Friday, August 6, 2010

A BAN on KOMBUCHA (tea)

Kombucha Ban


Staff Reporter
07/28/2010 ShareThis

Kombucha is a type of tea that's been around for centuries, but has recently become quite popular. It's usually found in health food stores. People who drink it say it has many benefits. But now it's been pulled from stores in Seattle and across the country because of its fluctuating alcohol content. KUOW's Meghan Walker has the story.

TRANSCRIPT

Chris Joyner is in his fermentation room in Seattle's Central District. It's a tiny room in the back of his kitchen, which is filled with empty kombucha bottles.

Joyner: "Its 78 in here. Do you smell vinegar?"

Walker: "Yup."

Joyner: "Yeah it's a strong smell of vinegar. So we've got two shelves and a number of 10 gallons containers here. And, a few fruit flies, which we keep out by covering the containers with cloths and rubber bands."
Joyner is the founder of local kombucha brand called Communitea; that's tea with a T–E–A.

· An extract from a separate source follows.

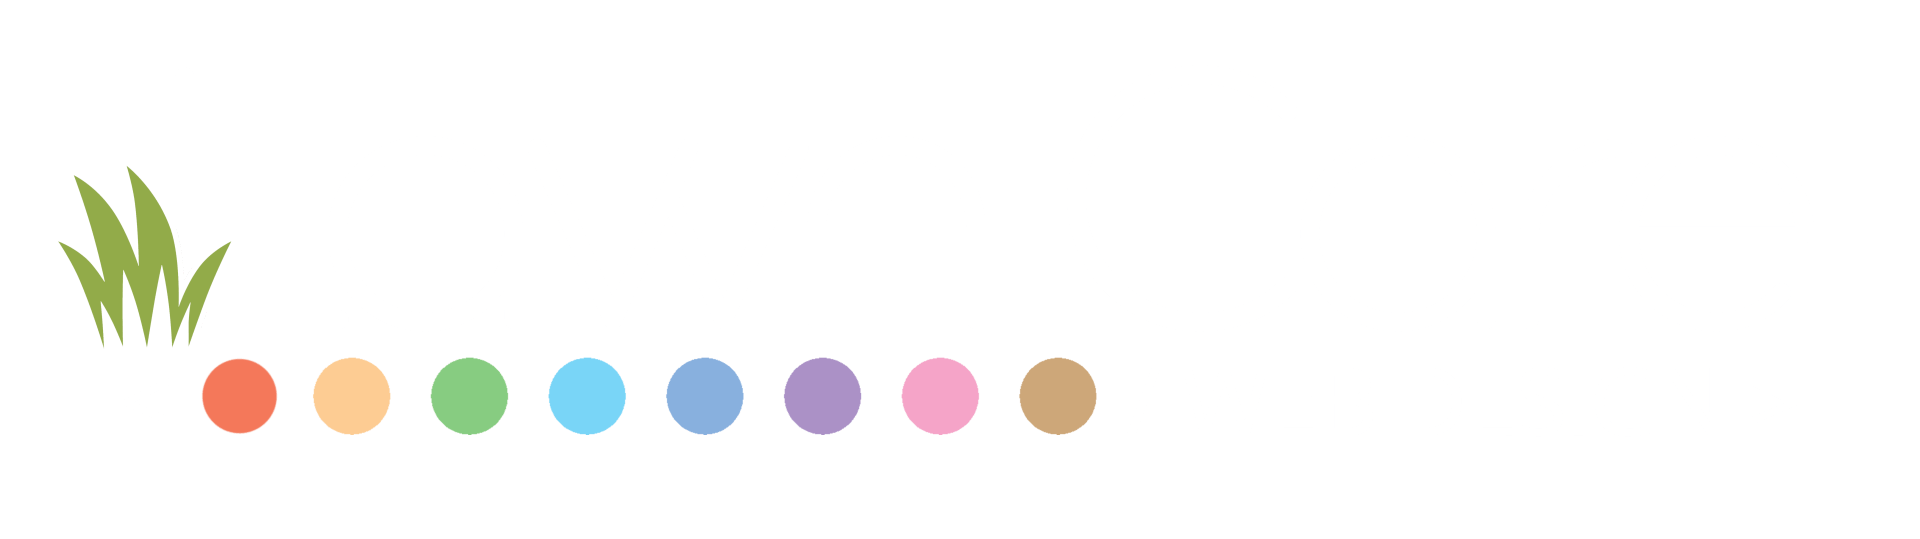 Lawn Care Web Design Logo

Joyner: "So it starts with making tea and we've got a big steam kettle here it's a 40 gallon steam kettle. And we make a tea concentrate. So we heat say 30 gallons of water in this. We use green tea because it has more antioxidants and polyphenols."


Kombucha is a fermented tea made from yeast and bacteria. Joyner has been making it for 17 years. Regular drinkers claim it aids digestion, sleep and weight loss. But Joyner, along with all other kombucha bottlers in the country, have halted sales on their bubbly teas. That's because the alcohol content is fluctuating unpredictably. It's going above 0.5 percent on some batches, which is the legal limit for non–alcoholic beverages.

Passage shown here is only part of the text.